══ Information given
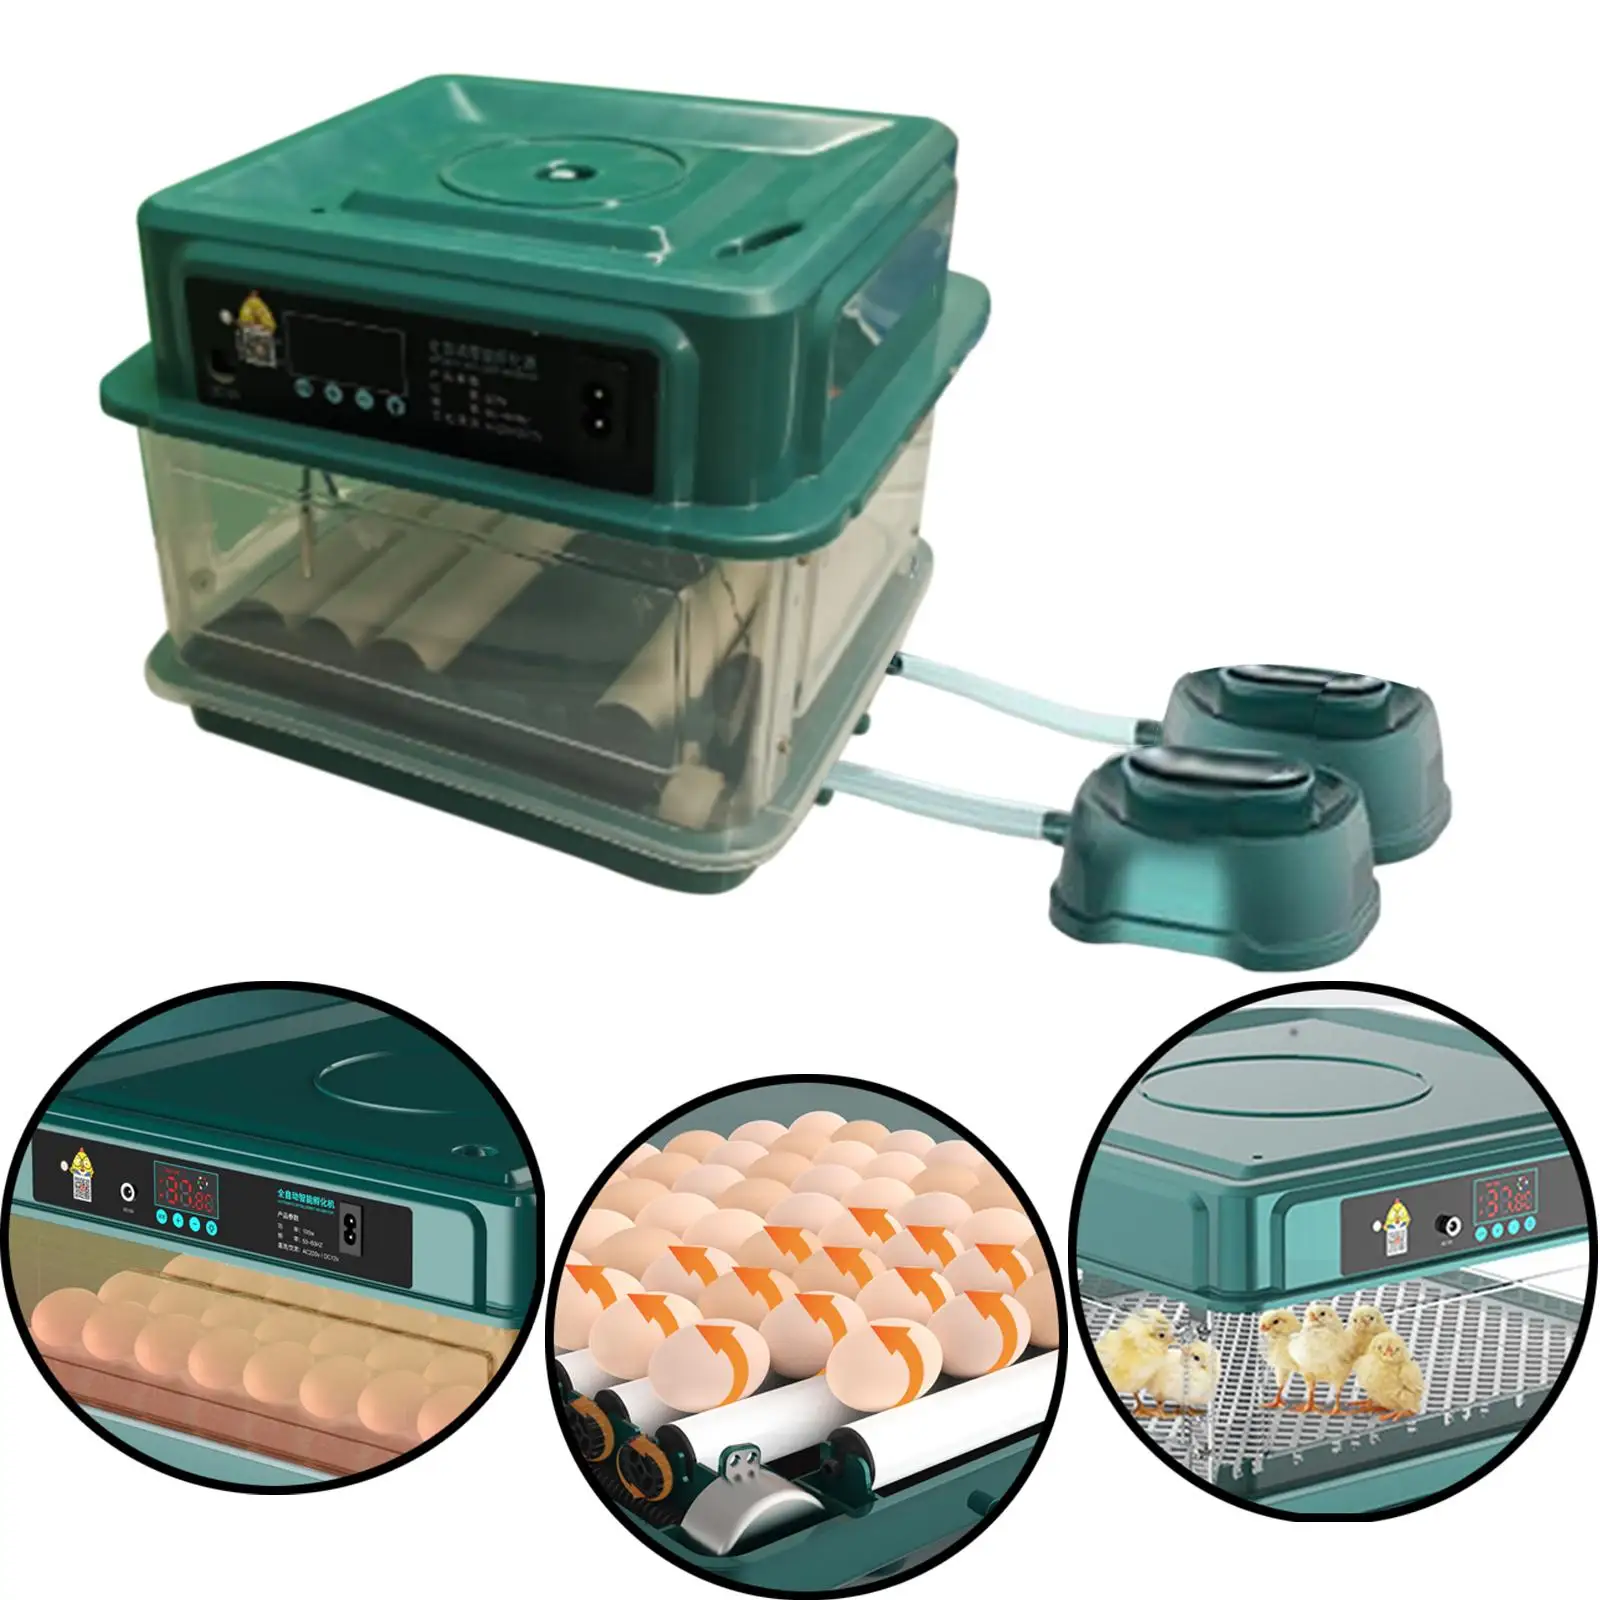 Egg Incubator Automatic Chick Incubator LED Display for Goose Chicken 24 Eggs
════
══ Information given
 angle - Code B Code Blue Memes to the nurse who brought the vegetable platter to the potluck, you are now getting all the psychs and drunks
════
══ Information given
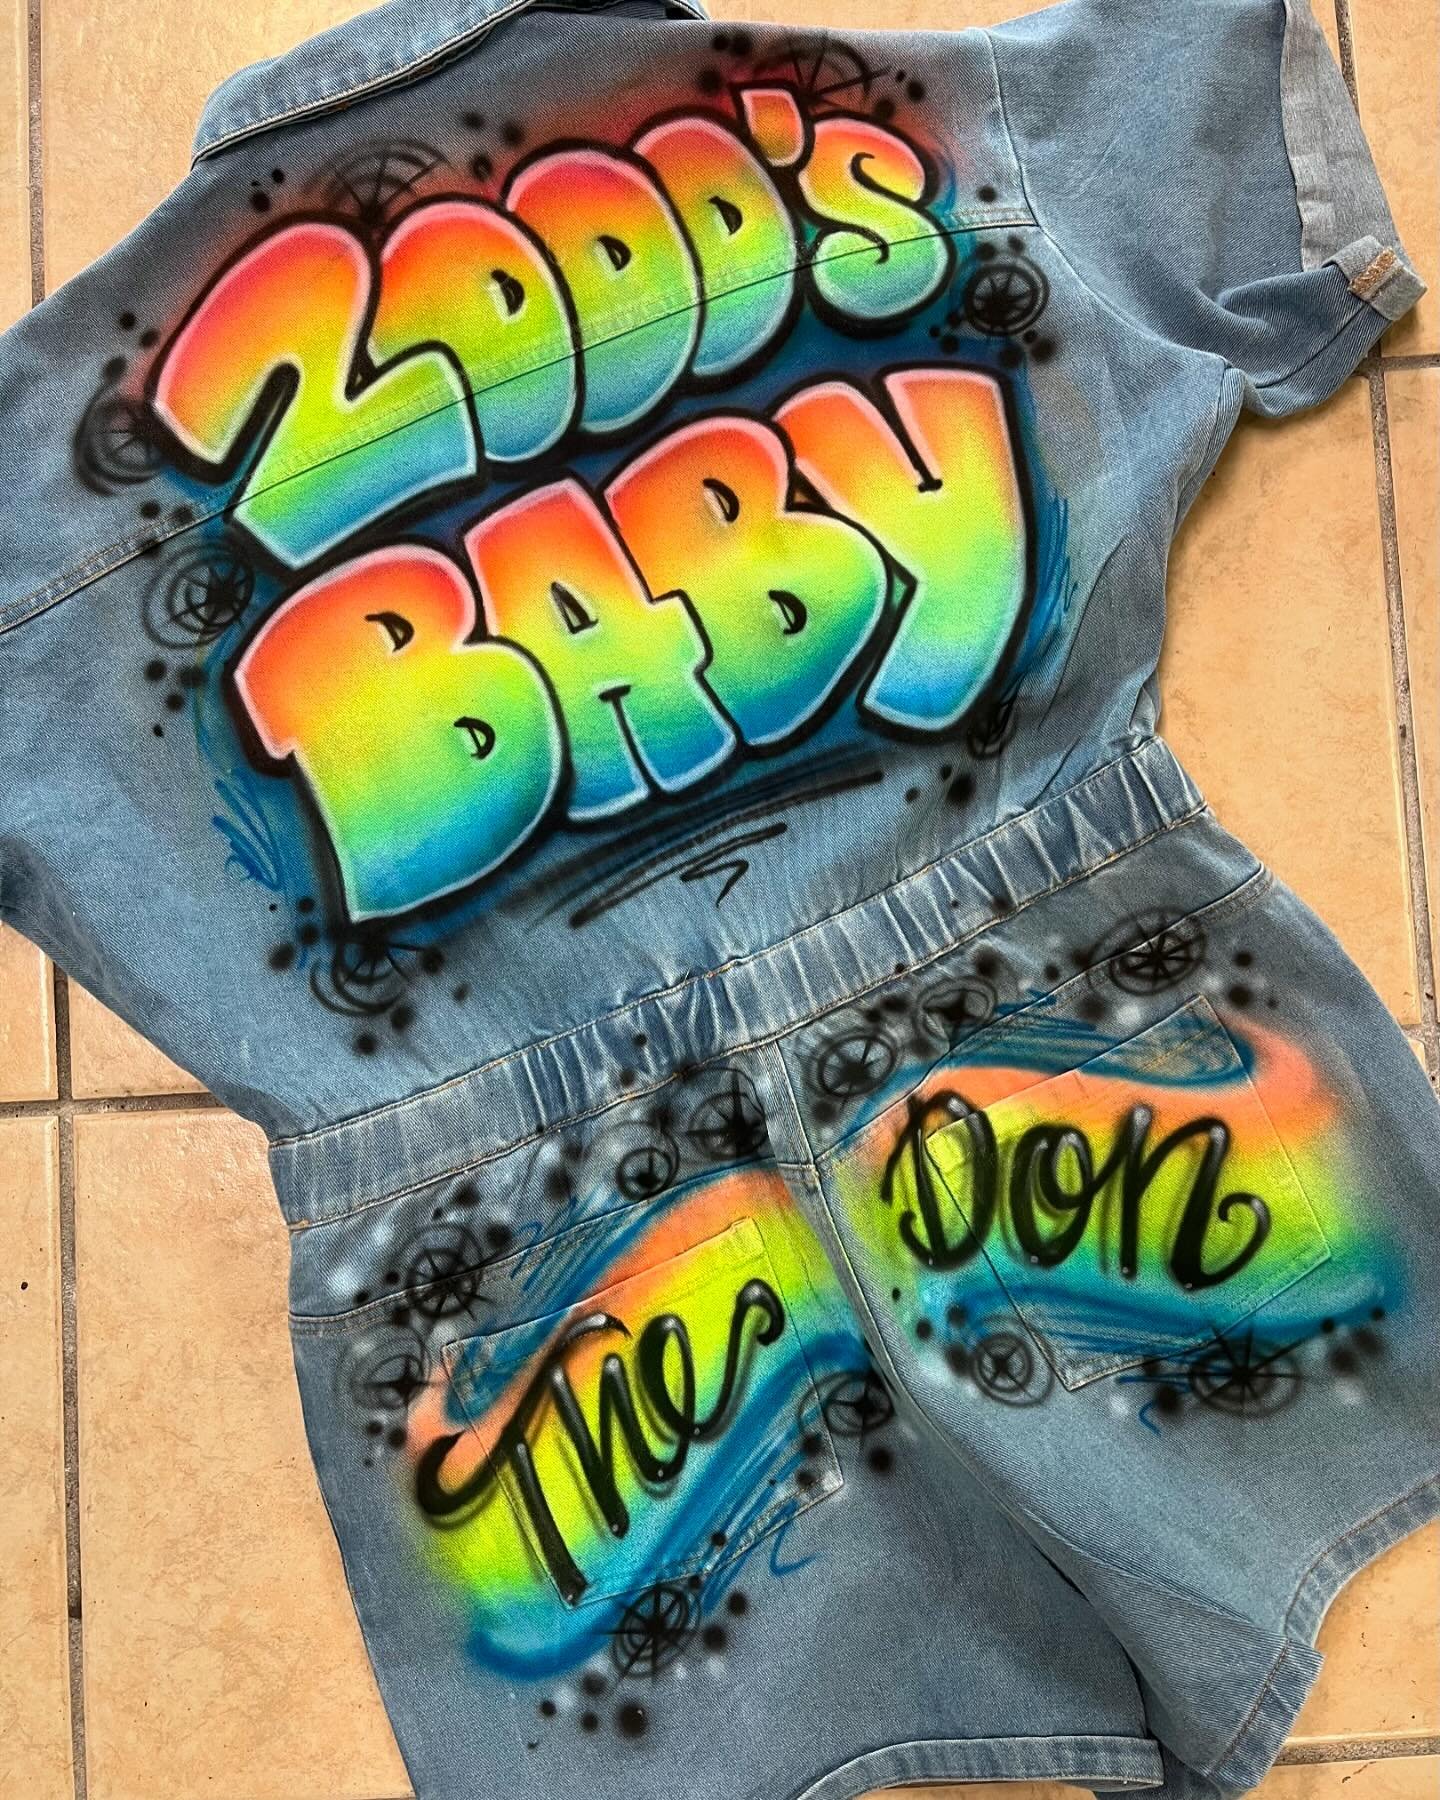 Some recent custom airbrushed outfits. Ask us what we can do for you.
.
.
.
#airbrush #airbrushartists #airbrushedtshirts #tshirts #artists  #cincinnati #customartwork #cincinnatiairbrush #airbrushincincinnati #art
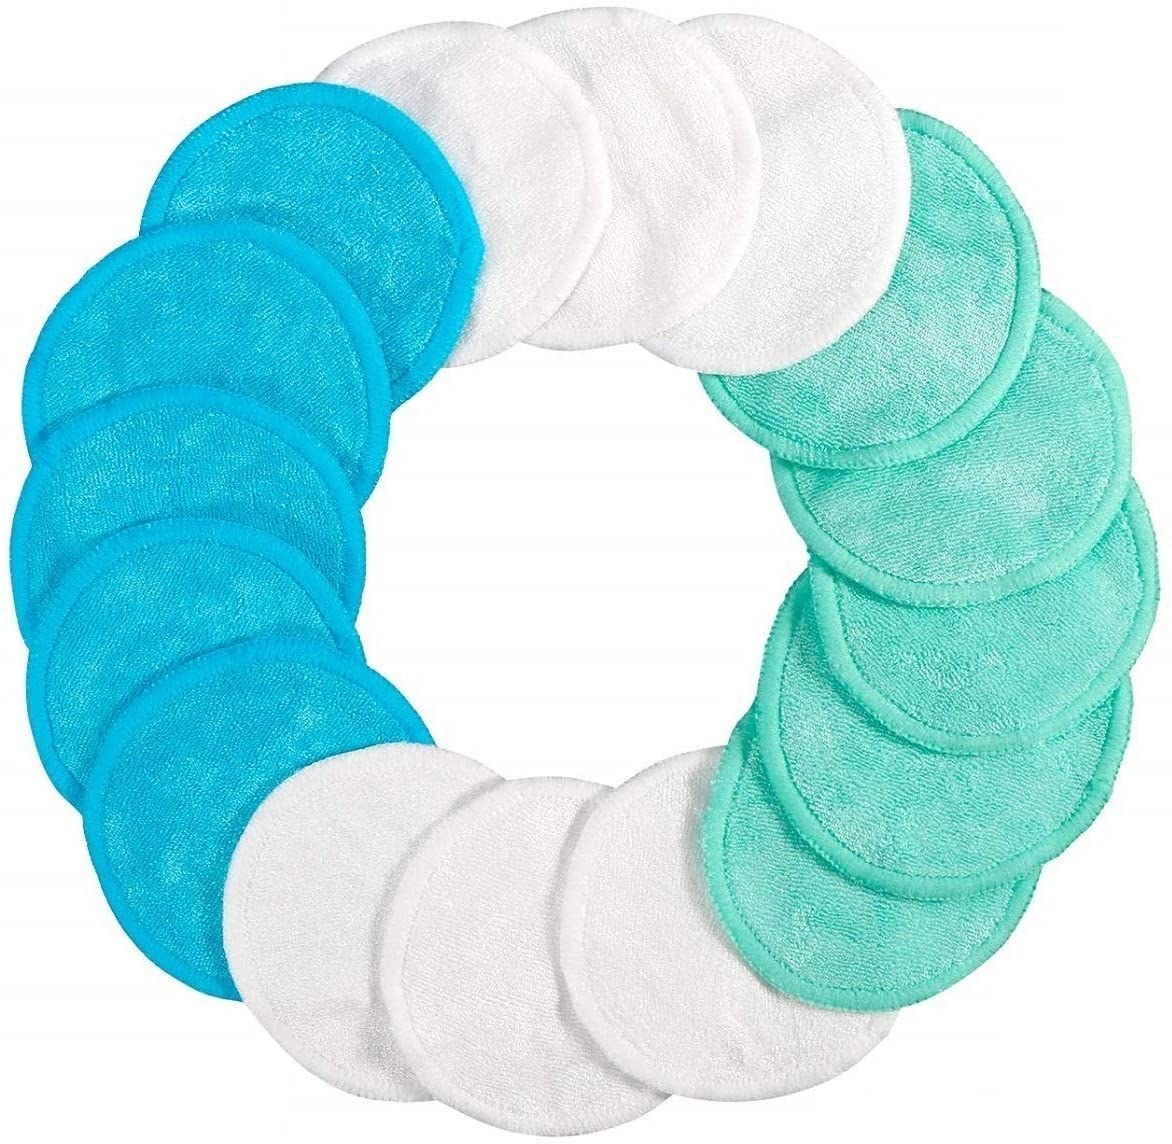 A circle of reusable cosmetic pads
════
# [Prompt]
The lines above starting at the one that holds "Some recent custom" and ending at the one that holds "A circle of reusable cosmetic pads" are to be written out exactly, ends included, and no pictures are to be copied.

# [Task answer]
 Some recent custom airbrushed outfits. Ask us what we can do for you.
.
.
.
#airbrush #airbrushartists #airbrushedtshirts #tshirts #artists  #cincinnati #customartwork #cincinnatiairbrush #airbrushincincinnati #art
 A circle of reusable cosmetic pads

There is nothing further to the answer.